Does Google *really* get an Orphan Monopoly?

After posting on the Bits blog that "monopoly" is too strong a word to describe the rights to orphan works that Google would acquire if the proposed Google Book Search Settlement agreement is approved, I started to worry that my interpretation of the settlement agreement was incorrect. The key question is this: Would the Book Rights Registry have the ability to authorize a Google competitor to copy and use "Orphan works"?

On further study, and after incanting "I Am Not A Lawyer" ten times fast, I've come to the conclusion that definitely, maybe it can. The relevant section of the settlement agreement is 3.8 (a), also known in the commentary as the "Most Favored Nation" section.

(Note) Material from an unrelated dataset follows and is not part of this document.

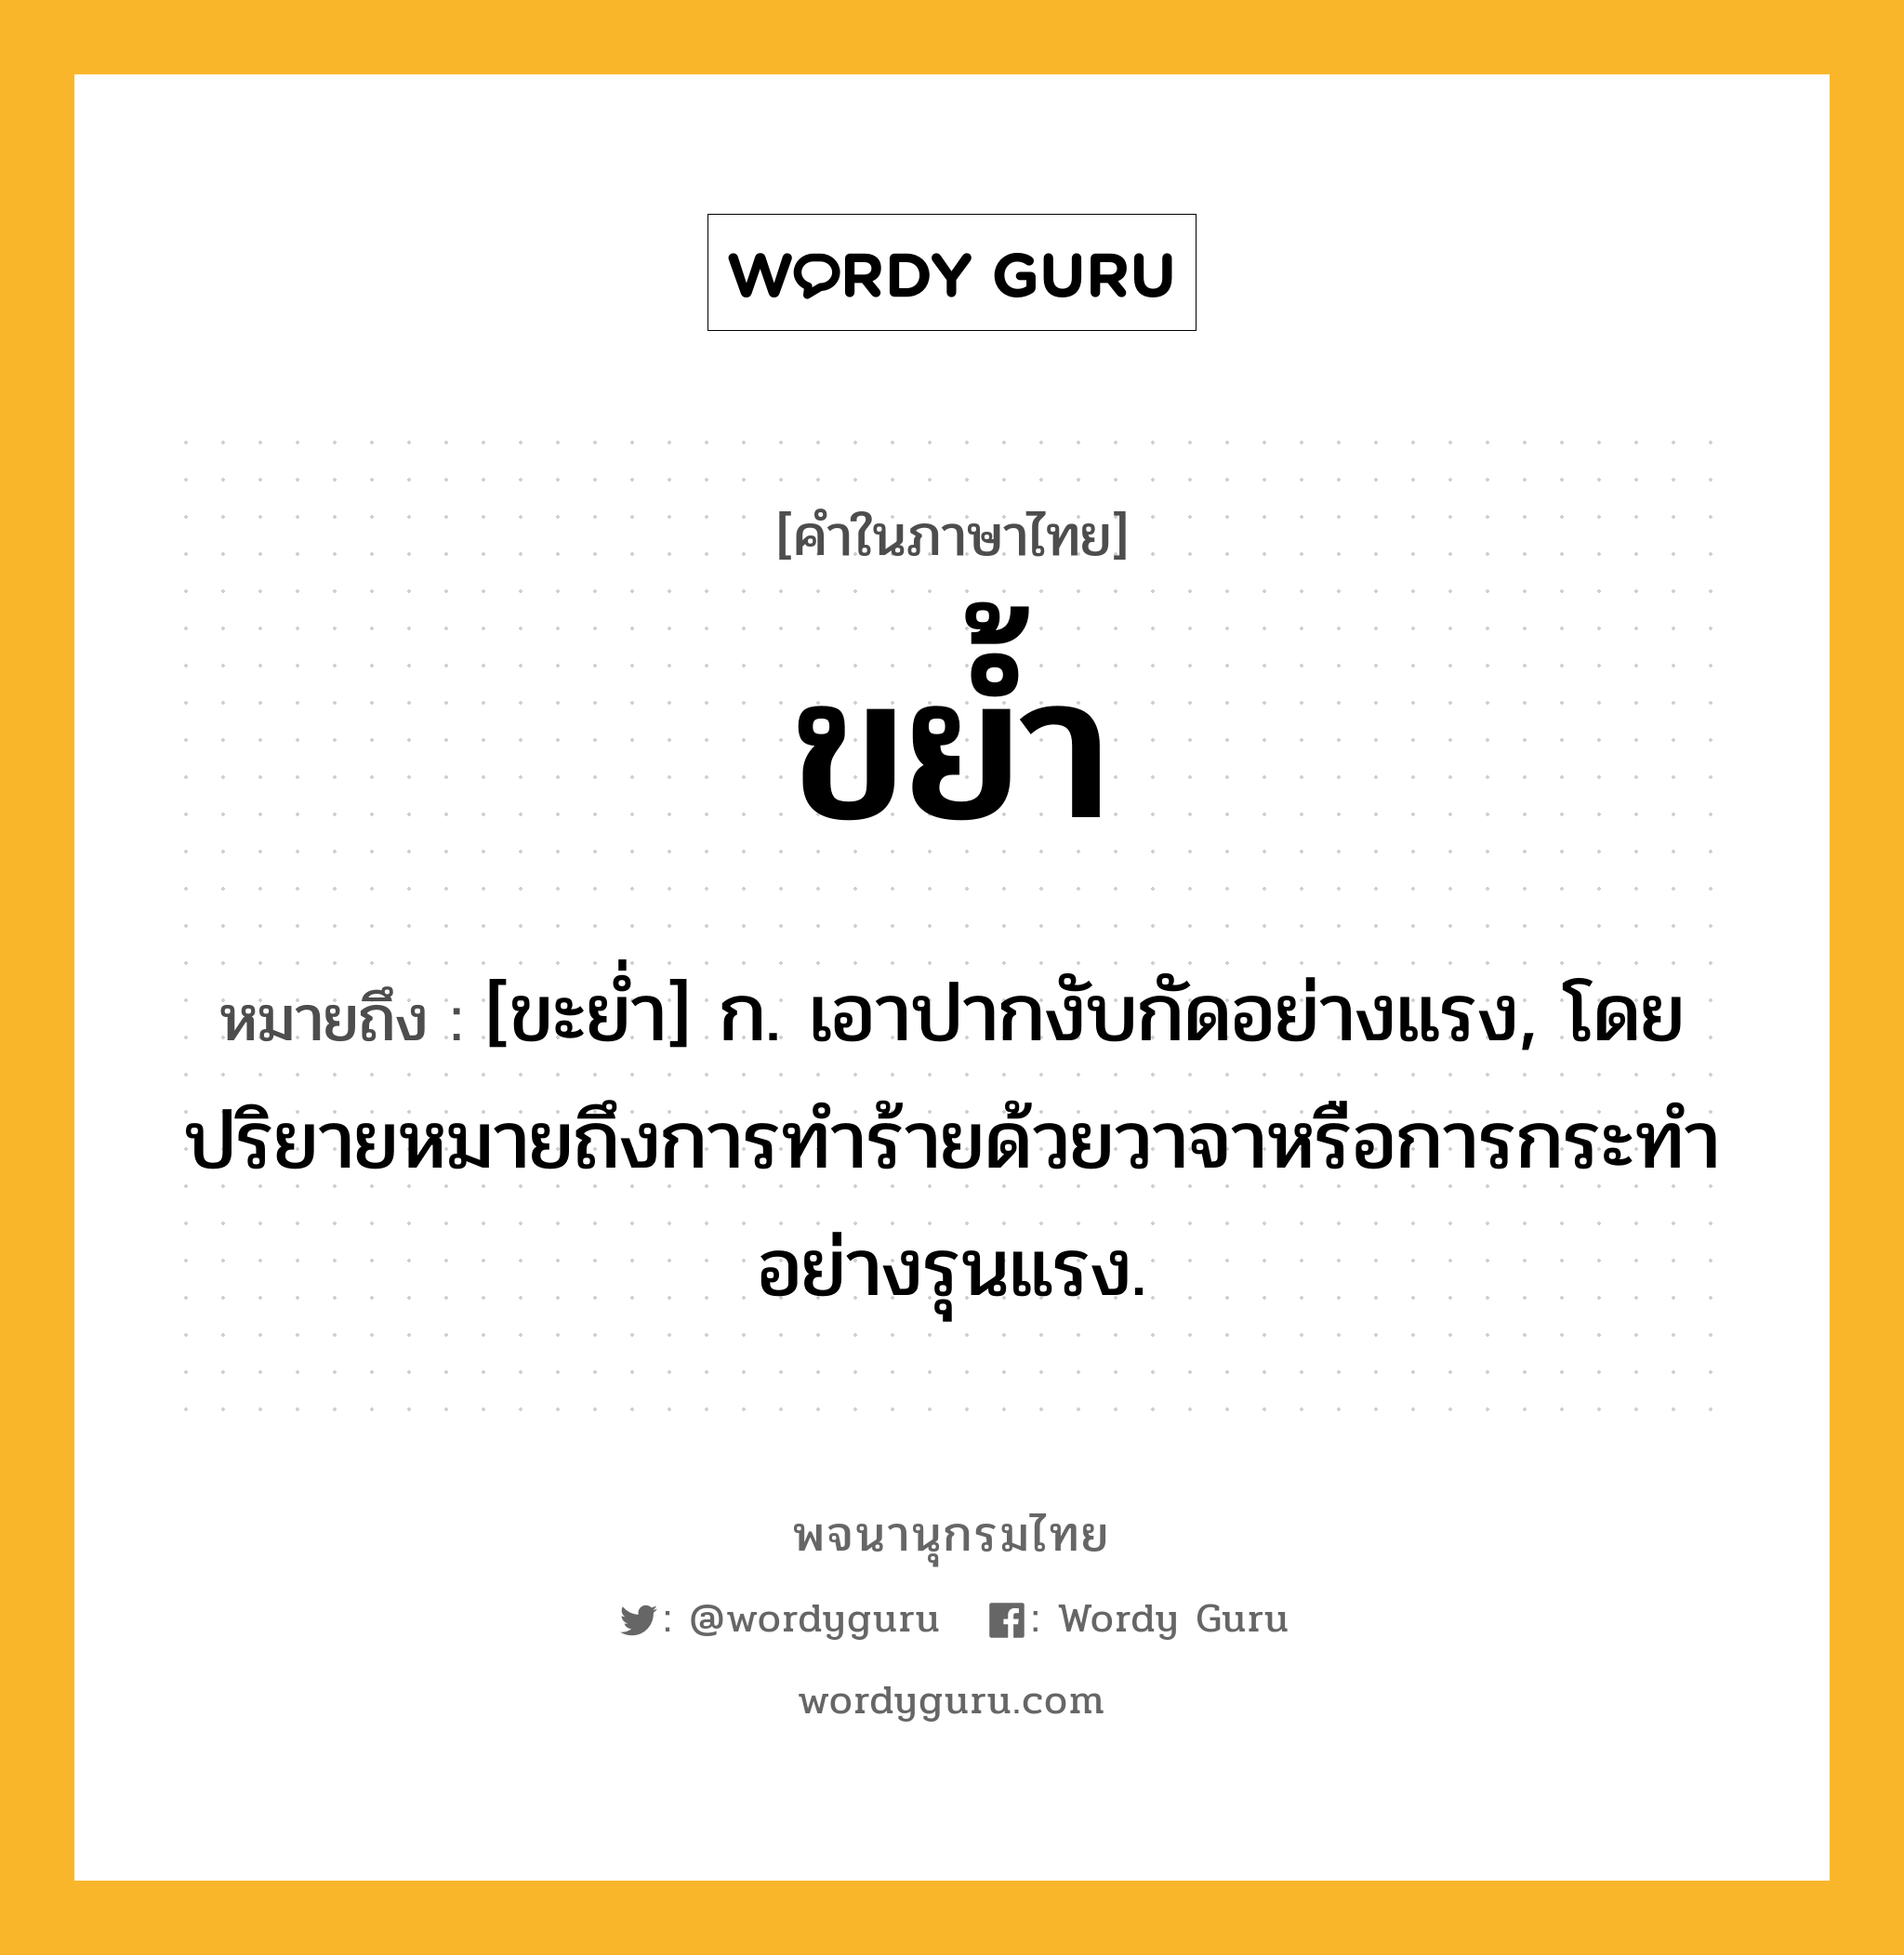 ขย้ำ ความหมาย หมายถึงอะไร?, คำในภาษาไทย ขย้ำ หมายถึง [ขะยํ่า] ก. เอาปากงับกัดอย่างแรง, โดยปริยายหมายถึงการทำร้ายด้วยวาจาหรือการกระทำอย่างรุนแรง.
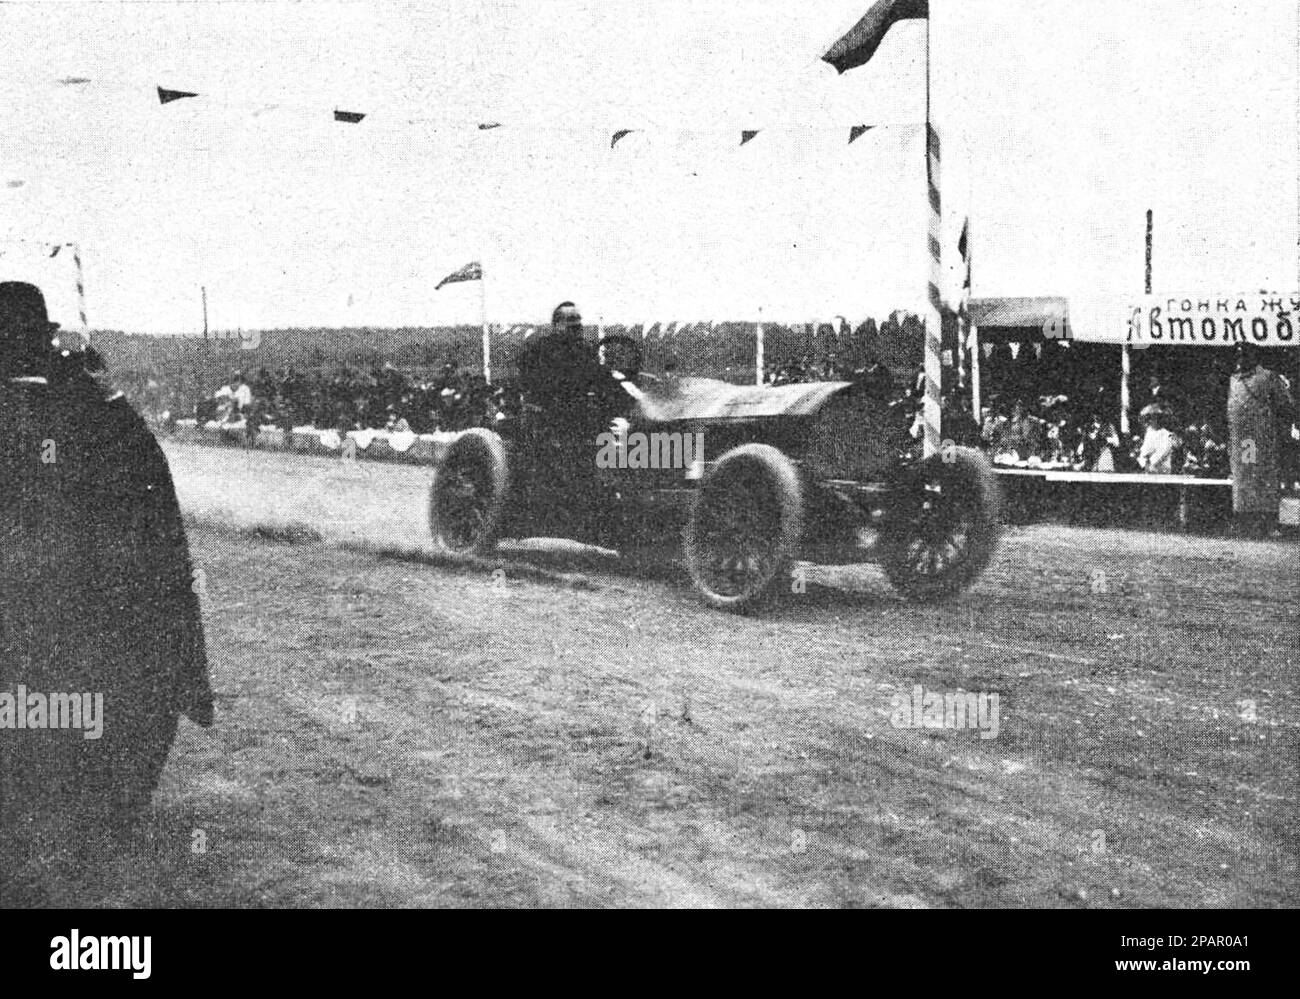 Gara automobilistica per un vero vicino a Mosca il 14 maggio 1910. L'autista Dio in una Mercedes finisce per primo. Foto dal 1910. Foto Stock

Effect of Other Agreements. The Registry (and any substantially similar entity organized by Rightsholders that is using any data or resources that Google provides, or that is of the type that Google provides, to the Registry relating to this Settlement) will extend economic and other terms to Google that, when taken as a whole, do not disfavor or disadvantage Google as compared to any other substantially similar authorizations granted to third parties by the Registry (or any substantially similar entity organized by Rightsholders that is using any data or resources that Google provides, or that is of the type that Google provides, to the Registry relating to this Settlement) when such authorizations (i) are made within ten (10) years of the Effective Date and (ii) include rights granted from a significant portion of Rightsholders other than Registered Rightsholders. With respect to any such authorization, the Registry promptly will provide Google with notice that an authorization has been granted with sufficient detail of the terms to allow Google to obtain the benefits of such authorization pursuant to this Section 3.8(a) (Effect of Other Agreements).



That's a lot of clauses and legalese. Here are my notes. IANAL!

  1. The settlement agreement clearly anticipates that the Registry would enter into other agreements with regard to orphan works. The phrase "rights granted from a significant portion of Rightsholders other than Registered Rightsholders" can be translated into the vernacular as "rights to orphan works".

  2. "Most Favored Nation" applies only to orphan works, and expires after 10 years.

  3. "(and any substantially similar entity organized by Rightsholders that is using any data or resources that Google provides, or that is of the type that Google provides, to the Registry relating to this Settlement)" just says that the Registry can't use a puppet to evade the MFN.

  4. I gather that lawyers are not universally agreed that it would be legal for the Registry to release copyright infringement claims by "Rightsholders other than Registered Rightsholders". IANAL. Certainly the Registry could act on behalf of Registered Rightsholders. But supposing a law firm filed a class action suit to enjoin the Open Content Alliance from doing digitization of orphan works. How could the court block a settlement agreement of this new lawsuit after approving a settlement for Google?


Bottom line- I think I was right to say that "monopoly" is too strong a word. "murkopoly" maybe.

Below the Bottom line- Mike Shatzkin's posts (with help from Michael Cairns) and the commentary on the Shatzkin Files are very much worth reading, if you, like me, are trying to understand the implications of the Google Book Search Settlement.

1 comment:

  1. I'm pleased to see that Randy Picker's paper is consistent with my analysis. In his section IV.B., he lays out some possibilities for clarifying the anbiguities of the MFN section and makes some suggestions of how to mitigate some of the concerns that have been expressed about the "initial monopoly" to use Orphan Works that the agreement gives to Google.